RTBF I concerned the case of A., who in 1982 was convicted of murder on a transatlantic yacht journey which attracted heavy media coverage. Released from prison in 2002, A. was made aware that news reports detailing his story were still available in the online archives of a large German news journal. Since 2009, A. had therefore been taking civil action to attain the reports’ deletion from the journal’s online archives. The GCC was now seized to decide if the ultimate dismissal of A.’s request through the Federal Court of Justice (BGH) violated his fundamental rights.

As the controversy here concerned the rights and duties of an original content provider, the media privilege was clearly pertinent, and the case therefore to be judged on the basis of German Grundgesetz fundamental rights. Freed from European restrictions, the GCC did not limit itself to simply striking a nation-specific balance between the fundamental rights of data subject A. (right to protection of personal data) and those of the data processing news journal (free speech, freedom of press), but instead shifted the conflict of rights altogether.

Different from the CJEU which in data protection cases consistently refers to the individual’s right to control over his/her data, according to the GCC the notion of control is inappropriate to assess the deletion of original media content. Rather media coverage on an identifiable individual necessarily needed to be seen as a multipolar process of societal communication, in which all the communicating parties’ interests (individual, media, audience) had to be taken into account in equal measure ab origine. Taking individual control as the standard of review would mask out the complexity of this clash of interests and unduly privilege the individual with a legal prerogative to determine the fate of “his or her” information. The GCC thus rejects the CJEU’s conceptualization of the rtbf as a fundamentally individual-controlled claim right vesting the individual with the power to demand the erasure of personal information as a matter of principle – albeit subject to specific exceptions. According to the GCC, the individual’s position was more aptly covered by the general right of personality which protects individuals from media coverage overly limiting their personal development as a free and autonomous individuality. This also positions the rtbf much closer to the laws of slander and reputation so far absent from European data protection discourse.
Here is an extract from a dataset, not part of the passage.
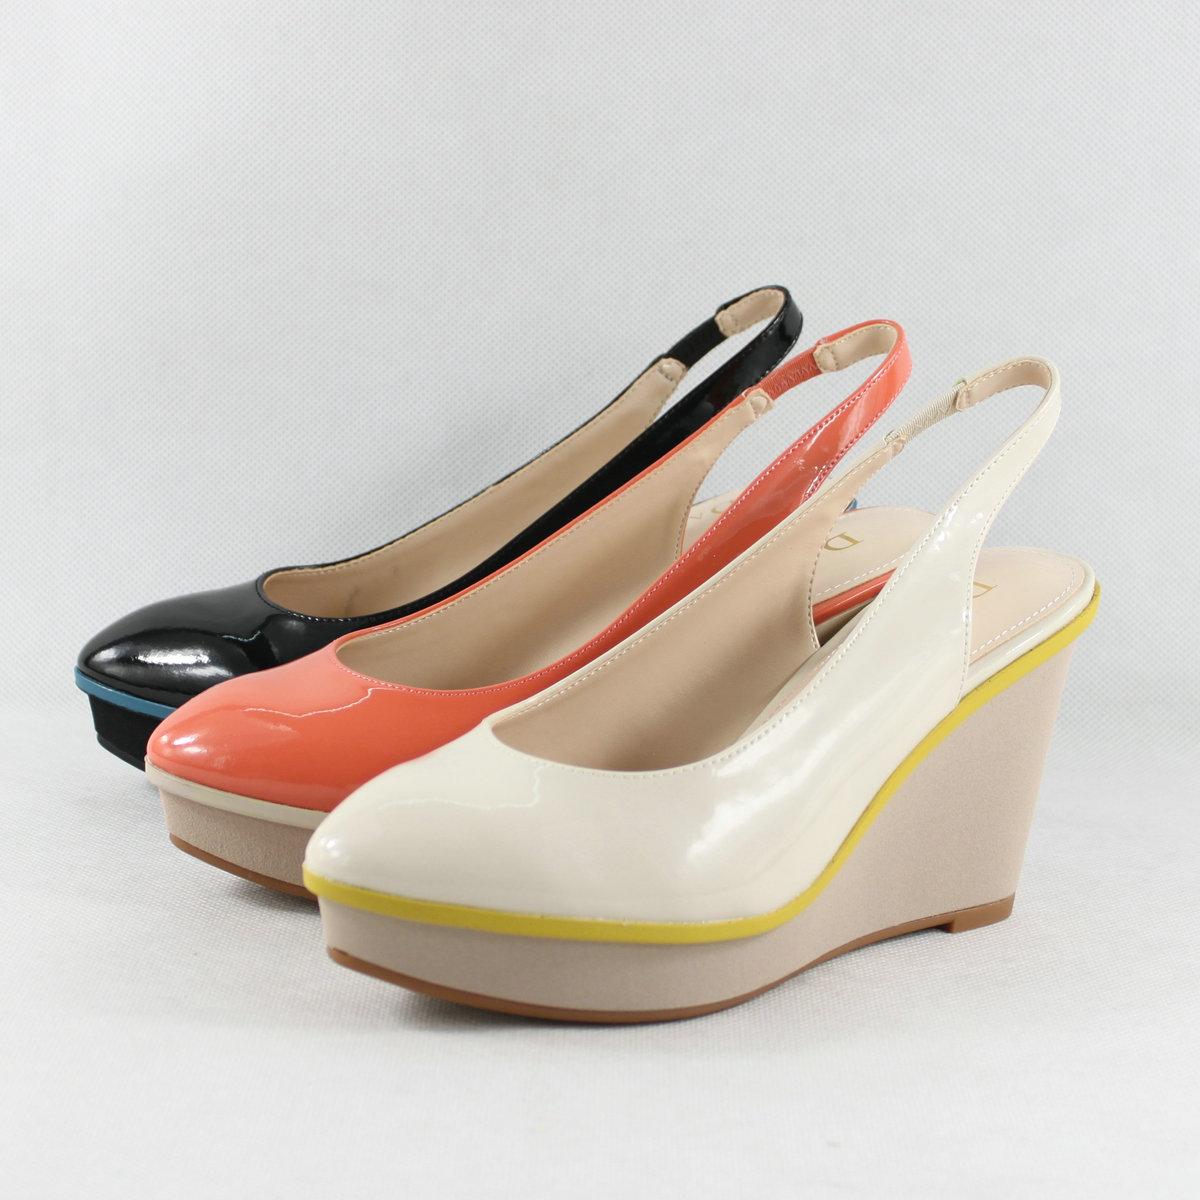 达芙妮坡跟鞋 Daphne达芙妮中空纯色亮面坡跟女单鞋1013102071_推荐淘宝好看的达芙妮坡跟鞋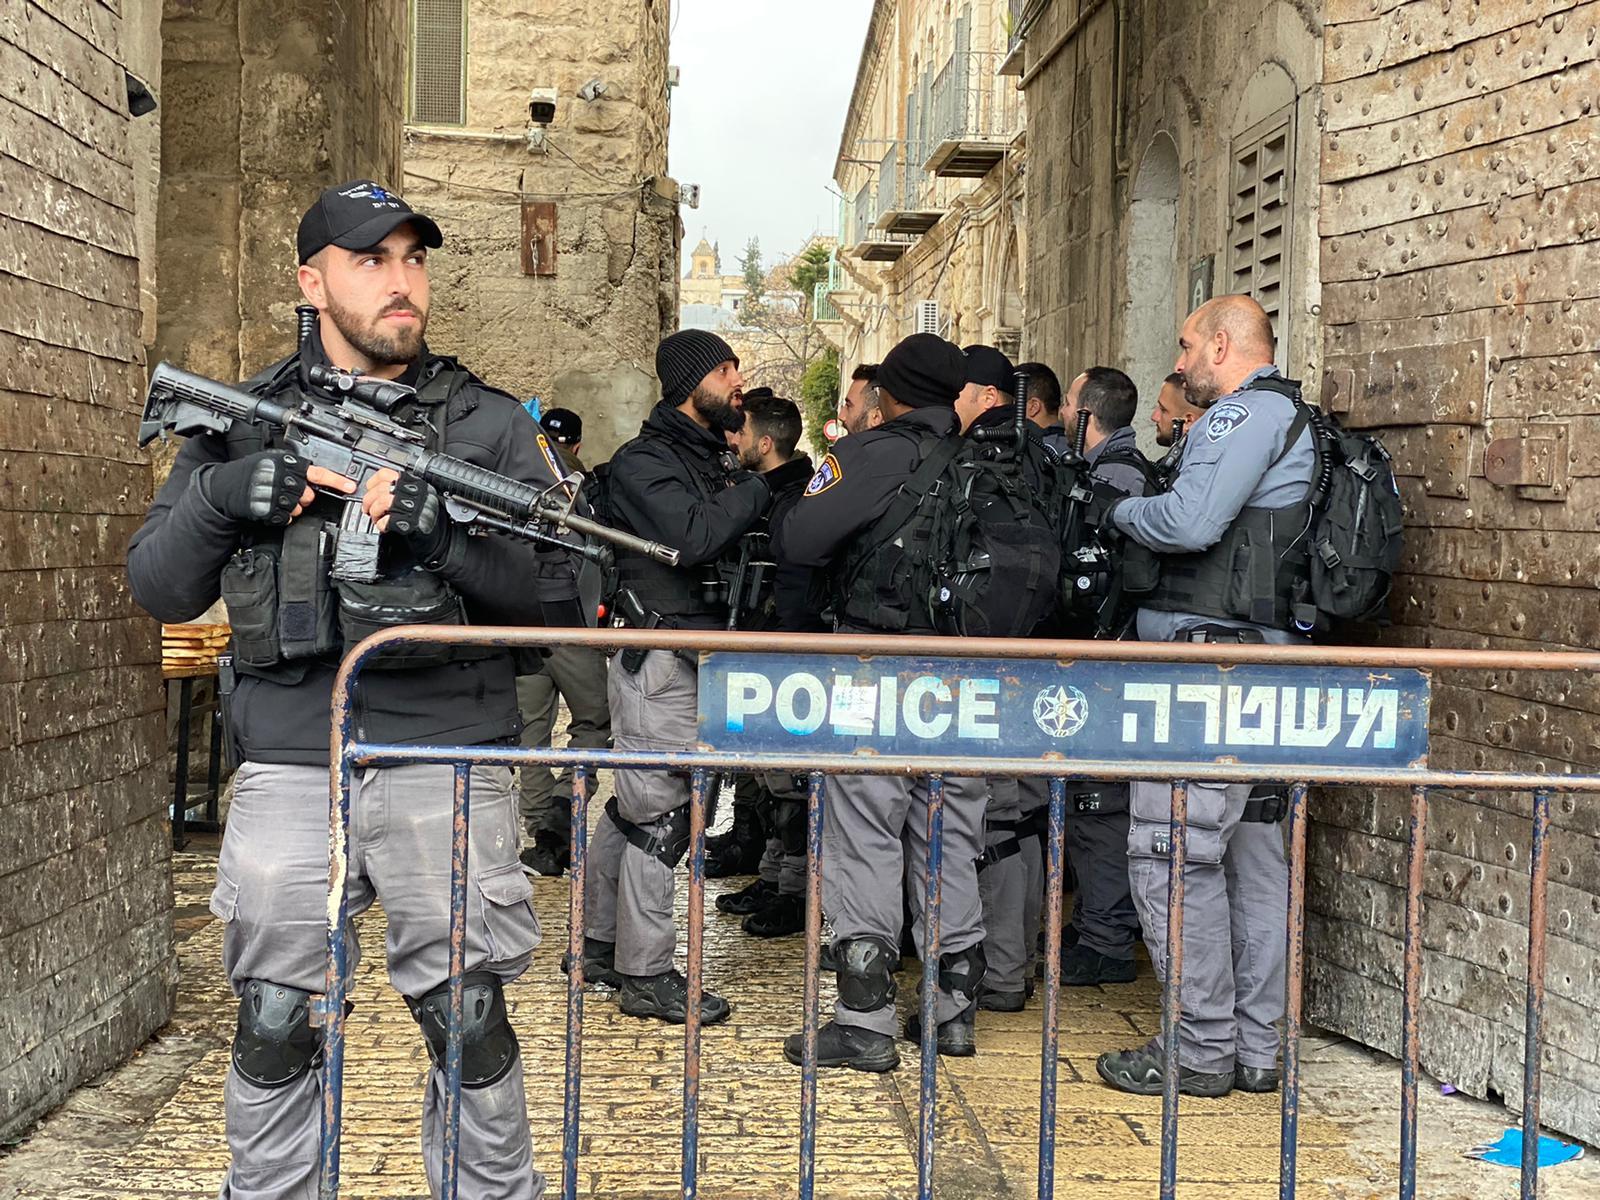 ניסיון דקירה בעיר העתיקה בירושלים. צילום: דוברות המשטרה

The GCC’s conceptualizations clearly stand in contrast to Google Spain, Google LLC and GC and others which not only see individual data control as the rtbf’s underlying normative principle, but also derive from this that the individual’s claim to erasure must under normal conditions prevail over third party interests and has to step back only exceptionally where there is a heightened public interest in the information. Specifically concerning this last stance on the general priority of individuals’ data rights opposite to the legal positions of media institutions and the general audience, it seems inevitable that the CJEU clarifies to which standards future cases will be held.

  1. Conclusion

In its judgments the GCC presents a coherent system for EU multilevel fundamental rights adjudication and enriches the discourse on the right to be forgotten with much-needed perspectives concerning the broader normative principles at stake. At the same time, however, the two decisions clearly illustrate how easily this new system of integrated fundamental rights adjudication can lead to legal inconsistencies. One solution for this seems to be for the GCC to readily make use of the preliminary reference mechanism. If not, the GCC’s new vocation to apply CFR rights directly might lead to a situation where European courts talk about each other, but not with each other.